At another level, Toxy can transform file data into unified, structured data. Currently, TOXY supports structures with
string -Text structure
toxydom -dom structure
toxyspreadsheet -form structure similar to Excel
toxydocument -descriptive text structure similar to Word
toxyemail -message structure, including recipients, senders, message contents, attachments, etc.
Toxybusinesscard -Business card structure
toxymetadata -meta data structure, which mainly contains the property information of the file, such as author, title, photo size, resolution, etc.

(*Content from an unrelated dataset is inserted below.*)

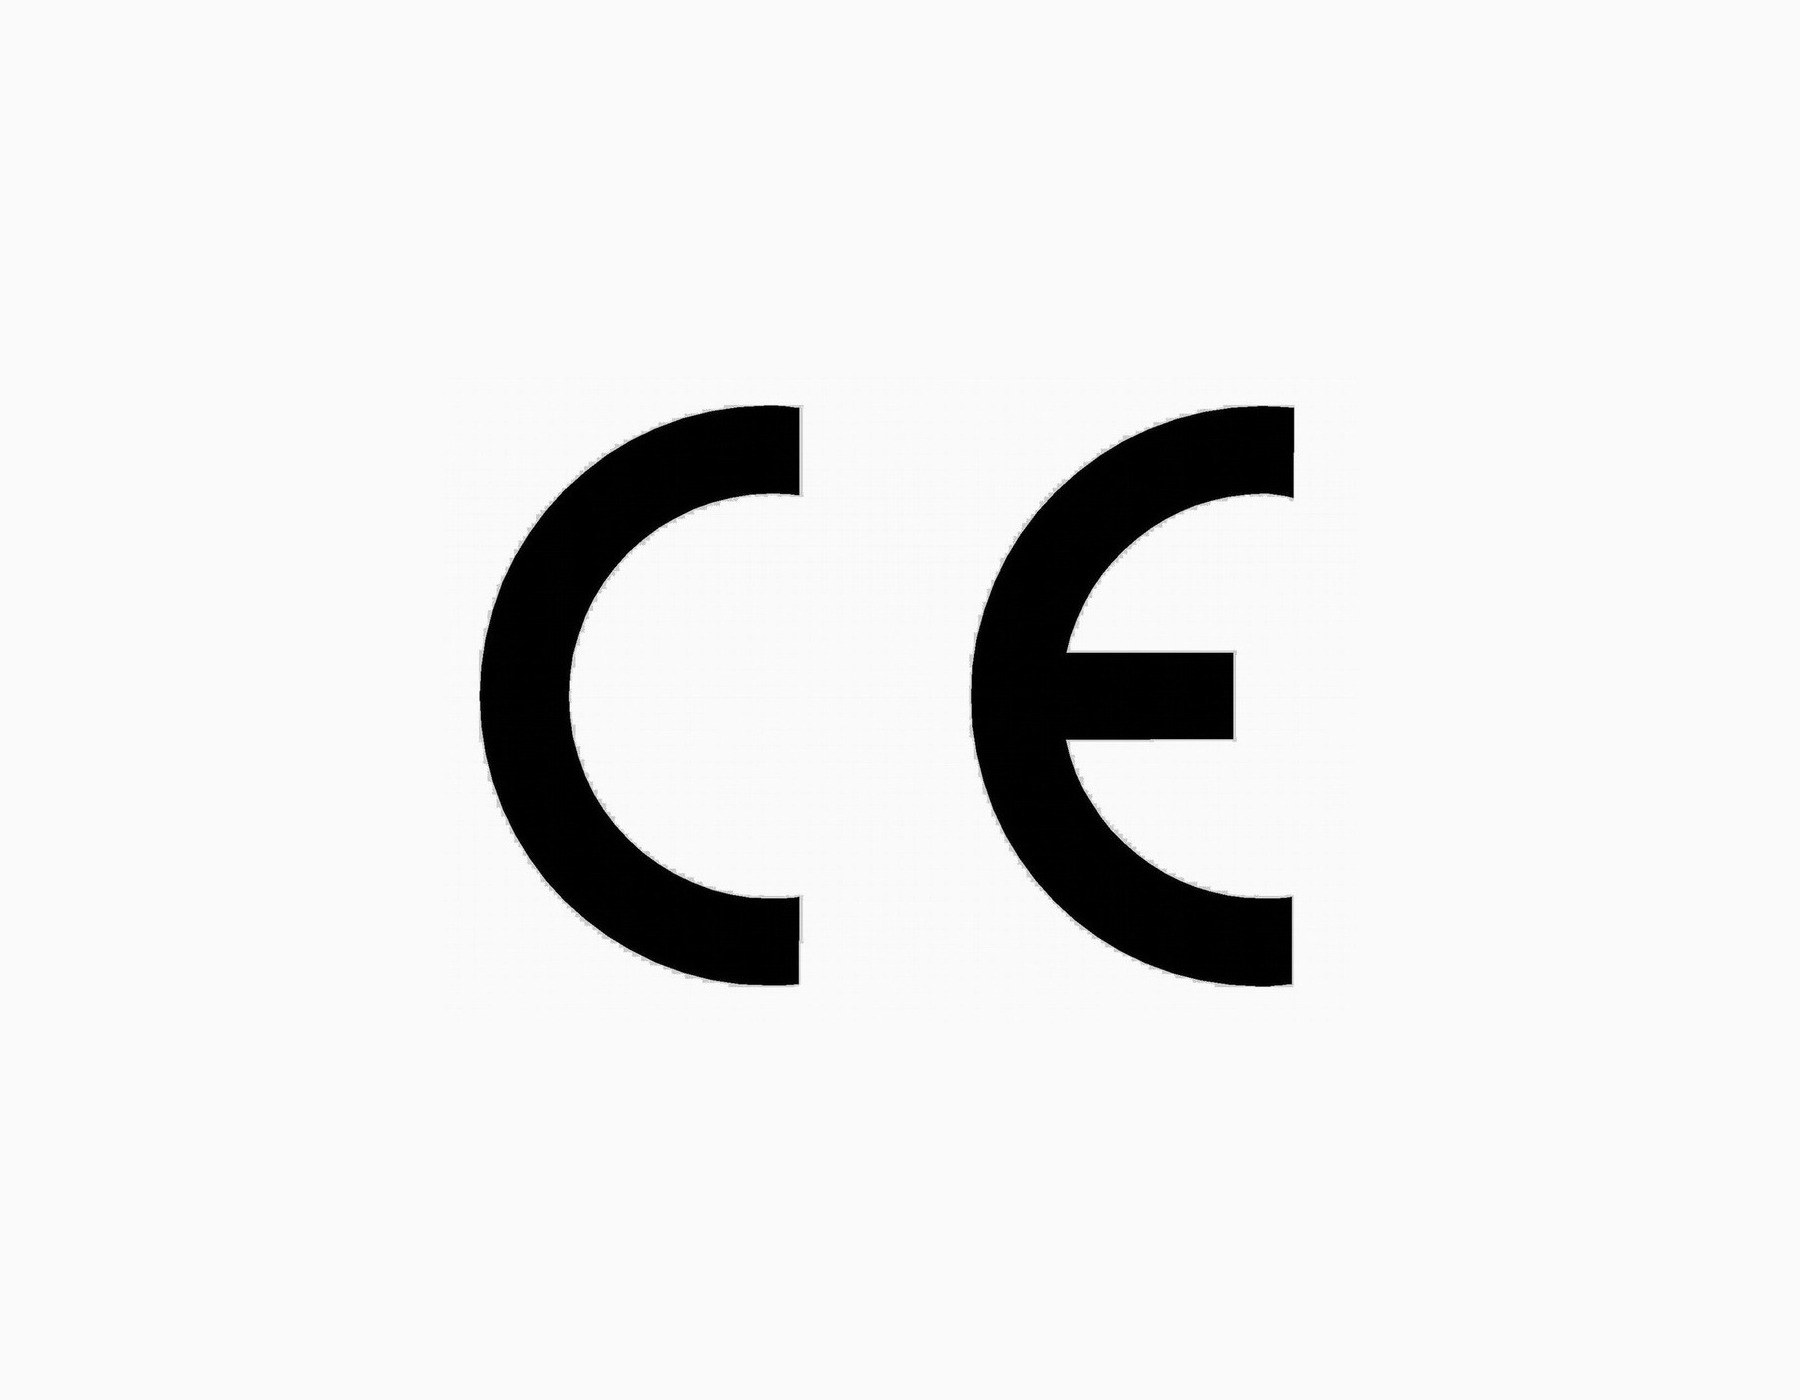 La marca CE
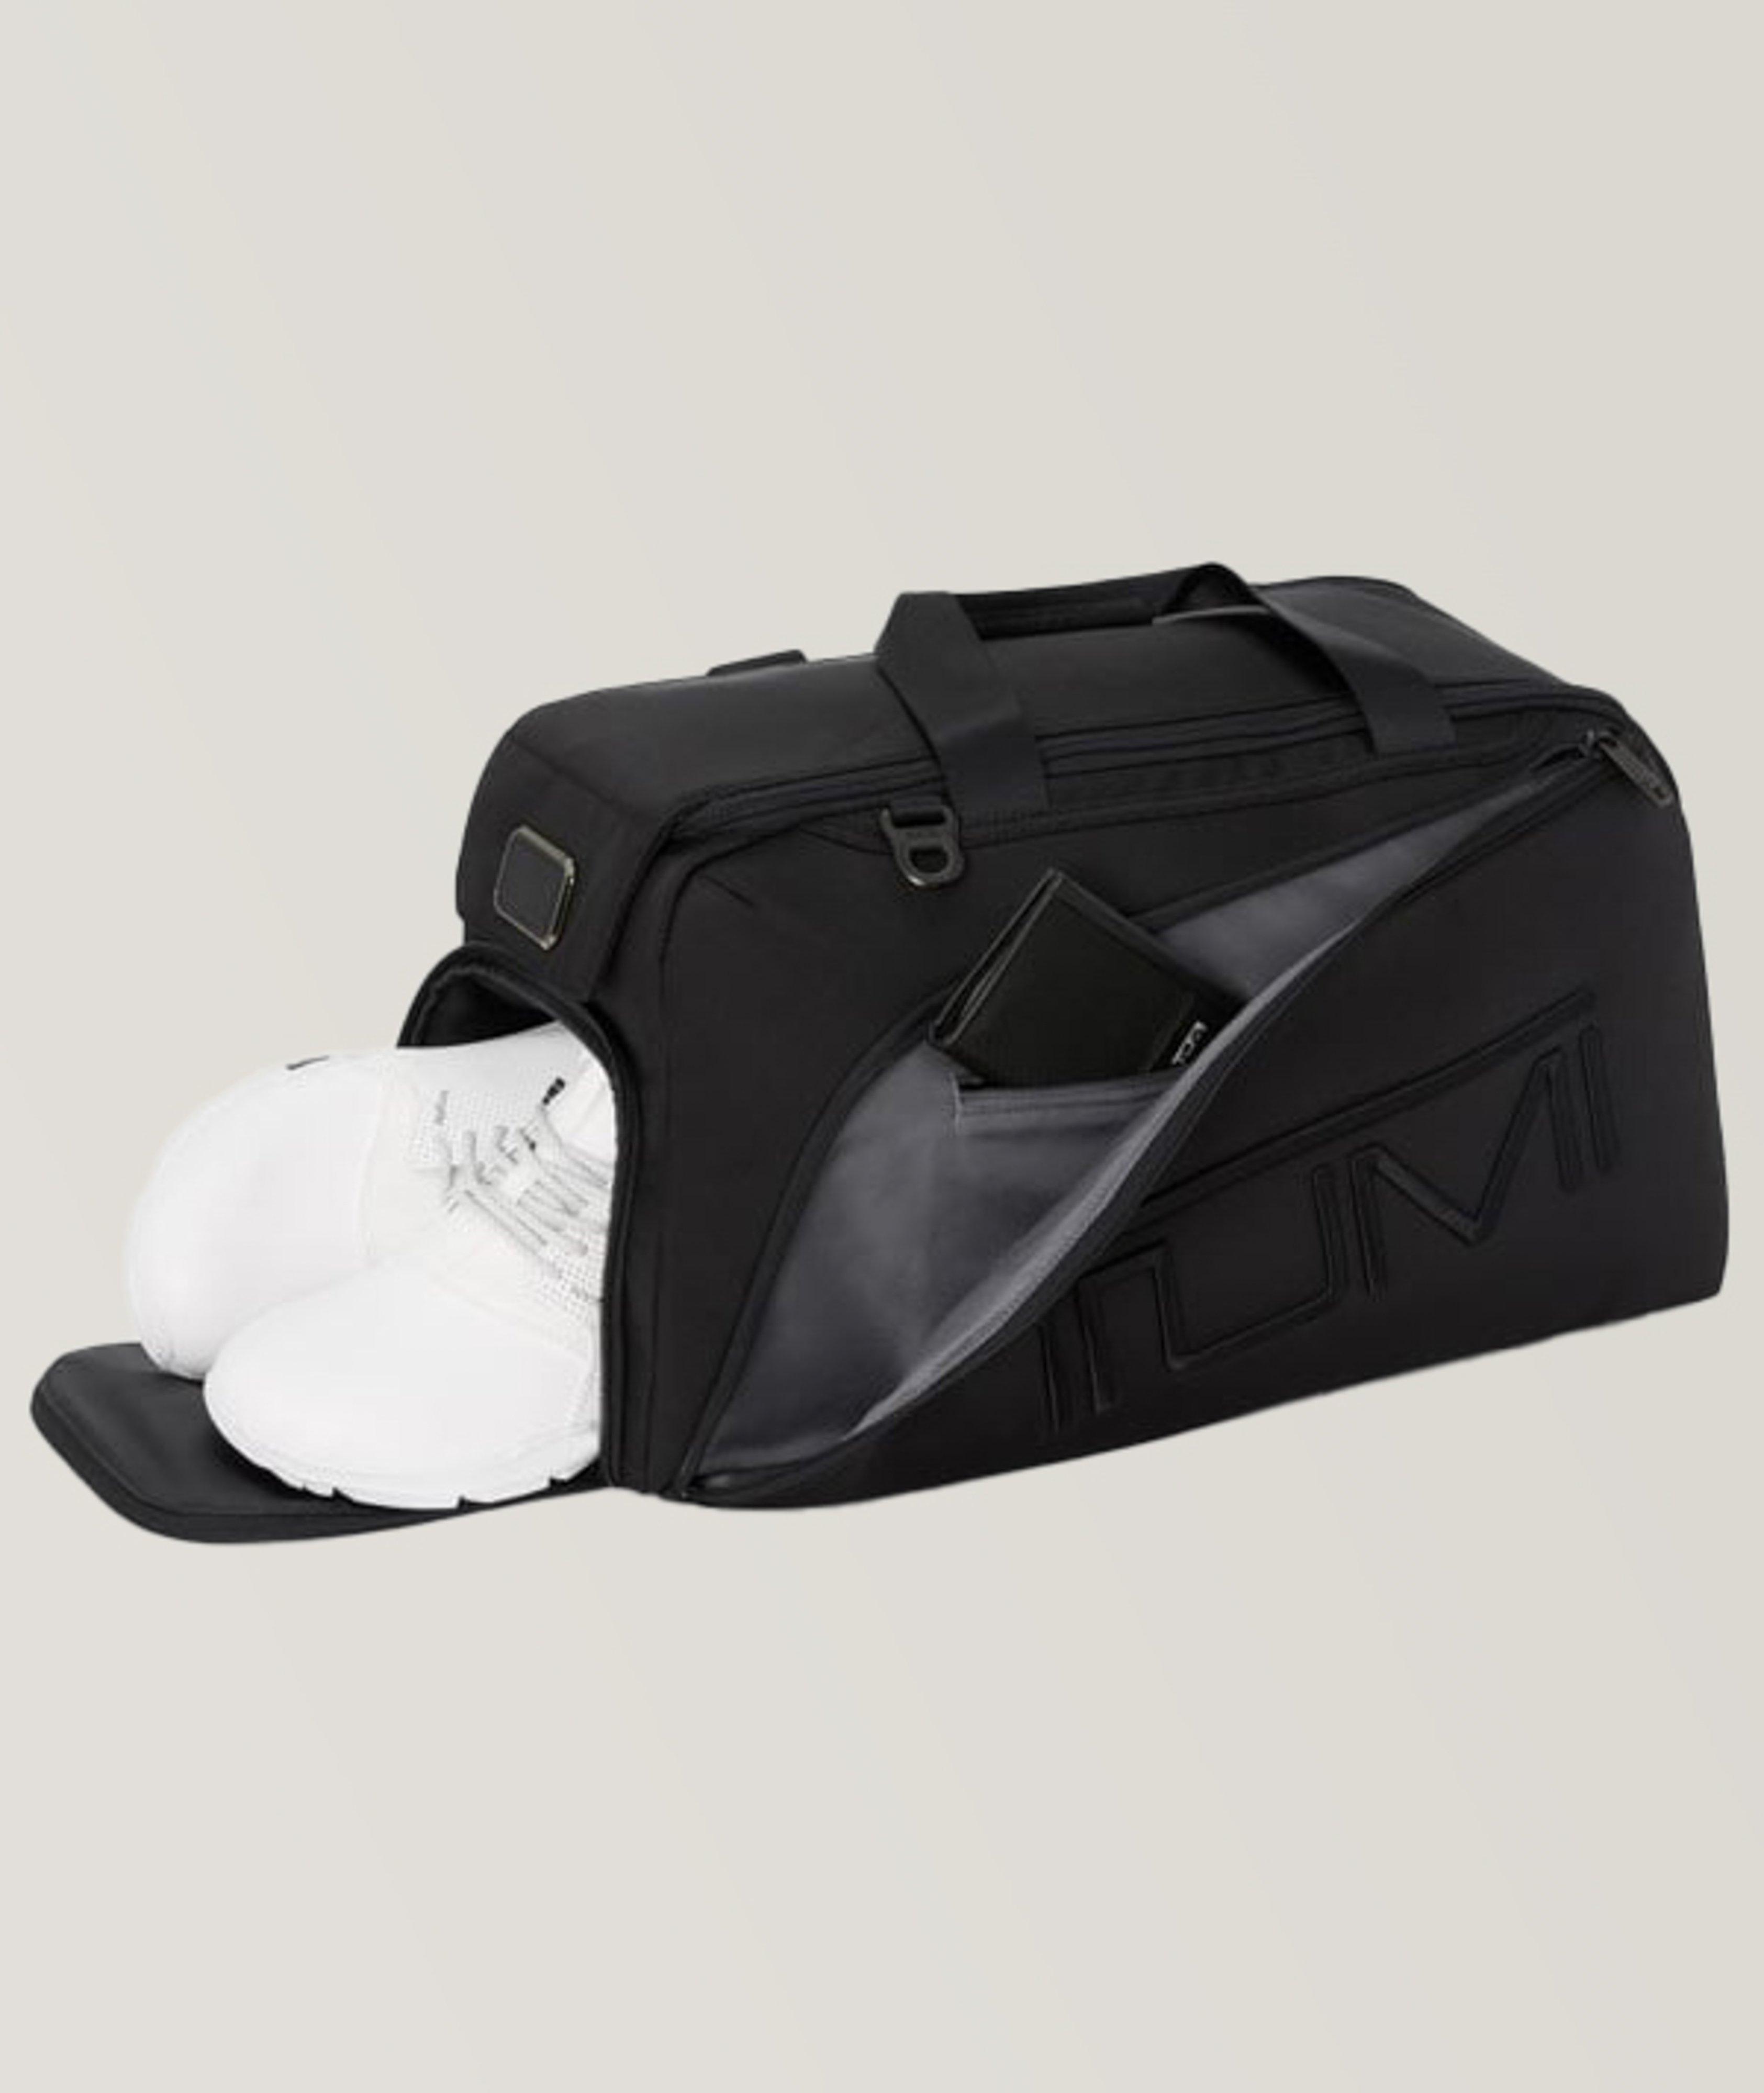 Alpha 3 Golf Duffle Bag

Toxy current main supported file formats and what can be extracted
This table is updated to version Toxy 1.4.
File format |
Structured objects that support extraction (types of extracted results) |
Txt |
String |
Xml |
Toxydom |
Csv |
String, Toxyspreadsheet |
Rtf |
String |
Pdf |
String, toxydocument |
HTM, html |
String, Toxydom |
vcf |
String, Toxybusinesscard |
Zip |
String |
MP3, APE, WAV, FLAC, AIF |
Toxymetadata |
JPEG, JPG, GIF, TIFF, PNG |
Toxymetadata |
Eml |
String, Toxyemail |
Cnm |
Toxyemail |
XLS, xlsx |
String, Toxyspreadsheet, Toxymetadata |
PPT, pptx |
Toxymetadata |
Doc, docx |
String, Toxydocument, Toxymetadata |
. VSD,. Pub,. Shw,. Sldprt, PUBX, VSDX |
Toxymetadata |
How to use Toxy
The use of Toxy is really very simple, here is not exaggerated, see the following example:
ParserContext context = new ParserContext ("test.xlsx"); Ispreadsheetparser parser = Parserfactory.createspreadsheet ( context); Toxyspreadsheet SS = parser. Parse ();//process the extracted data
Here the Toxyspreadsheet instance SS is extracted from the Excel data, you can directly use. ParserContext is responsible for describing the extraction context, informing toxy of the path to the file to be extracted, and related parameters. Parserfactory is the Factory mode class that is responsible for instantiating all parsers, and it automatically finds the appropriate parser based on the extension of the incoming file.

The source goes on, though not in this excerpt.